When RSA’s executive chairman Art Coviello issued an open letter acknowledging the fact that the company’s systems had been breached and that the extracted information is related to its SecurID two-factor authentication products, he – understandably – didn’t reveal any specifics about what was actually stolen.
“While at this time we are confident that the information extracted does not enable a successful direct attack on any of our RSA SecurID customers, this information could potentially be used to reduce the effectiveness of a current two-factor authentication implementation as part of a broader attack,” was all he said.
Details about the attack and the stolen information are still unknown to the larger public, so speculation abounds.
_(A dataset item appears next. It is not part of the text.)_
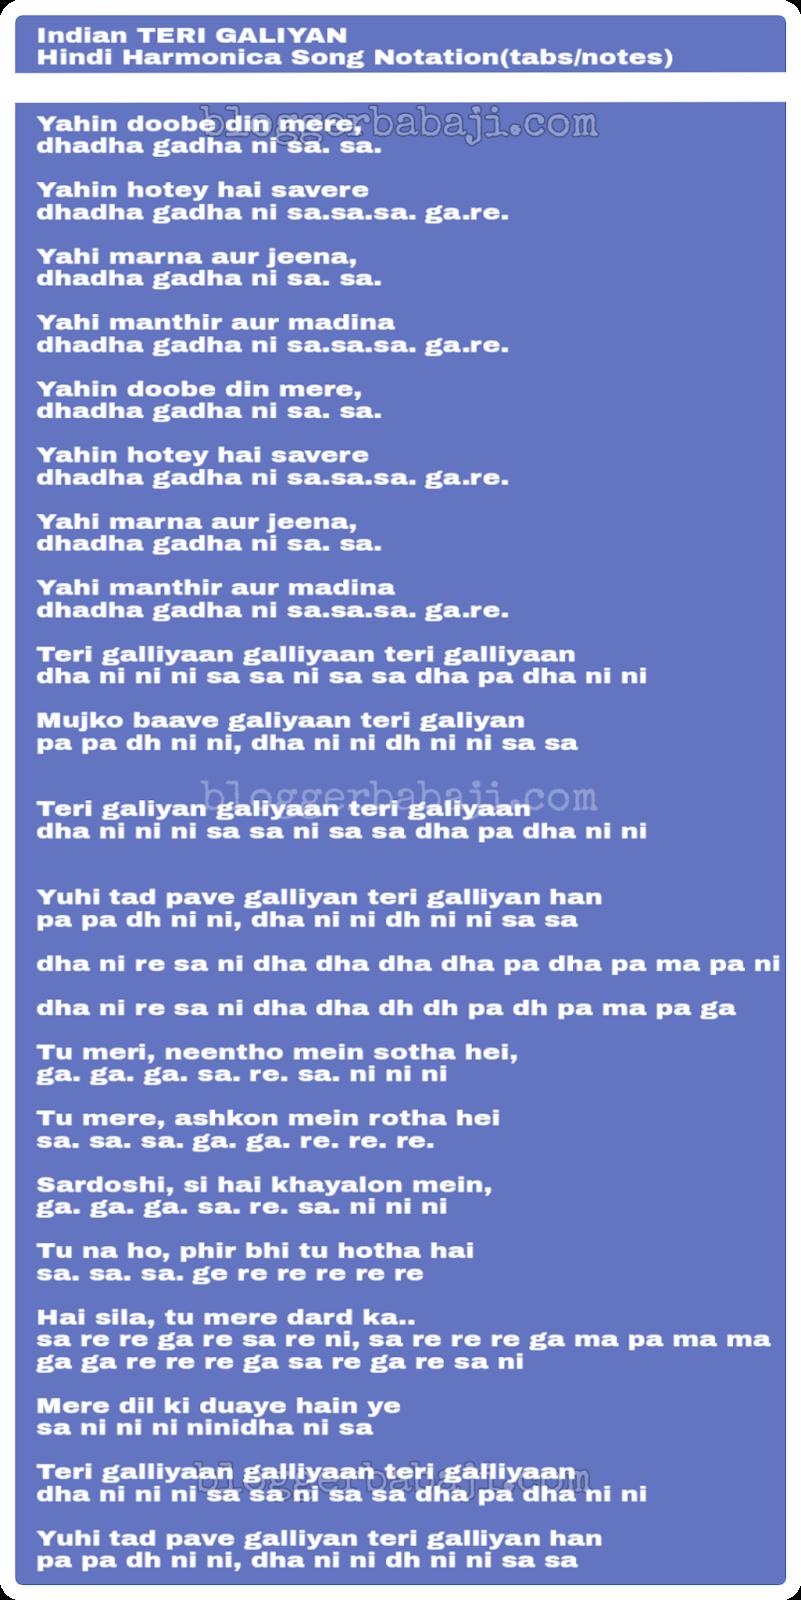 Teri Galiyan Song Harmonica Notes Bollywood Songs Harmonica Notations Easy song notations for beginners. teri galiyan song harmonica notes

Some even say that it is possible that the database that links SecurID serial numbers to seeds (card’s factory-encoded random key) has been compromised.
In order to help its customers and stop the speculation, Stratsec – Australia’s largest information security consultancy firm that administers local clients of RSA – has decided to invite all of them to a teleconference where they will be briefed about the incidents.
Among Stratsec’s customers are many federal government departments and agencies, such as the Department of Defence, the Department of the Prime Minister and Cabinet, the Department of Parliamentary Services, the Department of the Treasury, AusAid, the Australian Electoral Commission and many more. Stratesec’s corporate clients include Australian telecommunications and media company Telstra, the Virgin Blue airline and Western-Pacific (or Westpac), one of Australia’s biggest banks.
“So basically we’ve called the teleconference and … invited all of our clients to dial into that just for us to take the opportunity to provide our thoughts on the incident and, I guess, just try and make sure everyone is working from accurate information because obviously when there is a lack of information, as there is at the moment, some pretty extreme degree of speculations fill that void and I think it’s important that everyone keeps perspective on what the realistic impact is in a reasonable sort of timeframe,” Mr Ellsmore said.
Nick Ellsmore, Stratsec’s head of business development, says that that the goal of the teleconference is to “make sure everyone is working from accurate information” and that “everyone keeps perspective on what the realistic impact is in a reasonable sort of timeframe.” I’m not sure how he proposes to do that, since he himself admitted to The Age that there is currently a “lack of” information available from RSA.
The only information that the RSA shared with its customers is a set of security recommendations that should help them defend themselves against possible attacks. “There’s probably one key piece of information in the [documents provided to clients] which would protect against whatever vulnerability now exists due to the RSA security breach,” speculated one Australian IT manager. “But RSA wouldn’t want to tell us which one because that would be telling the world exactly what was stolen.”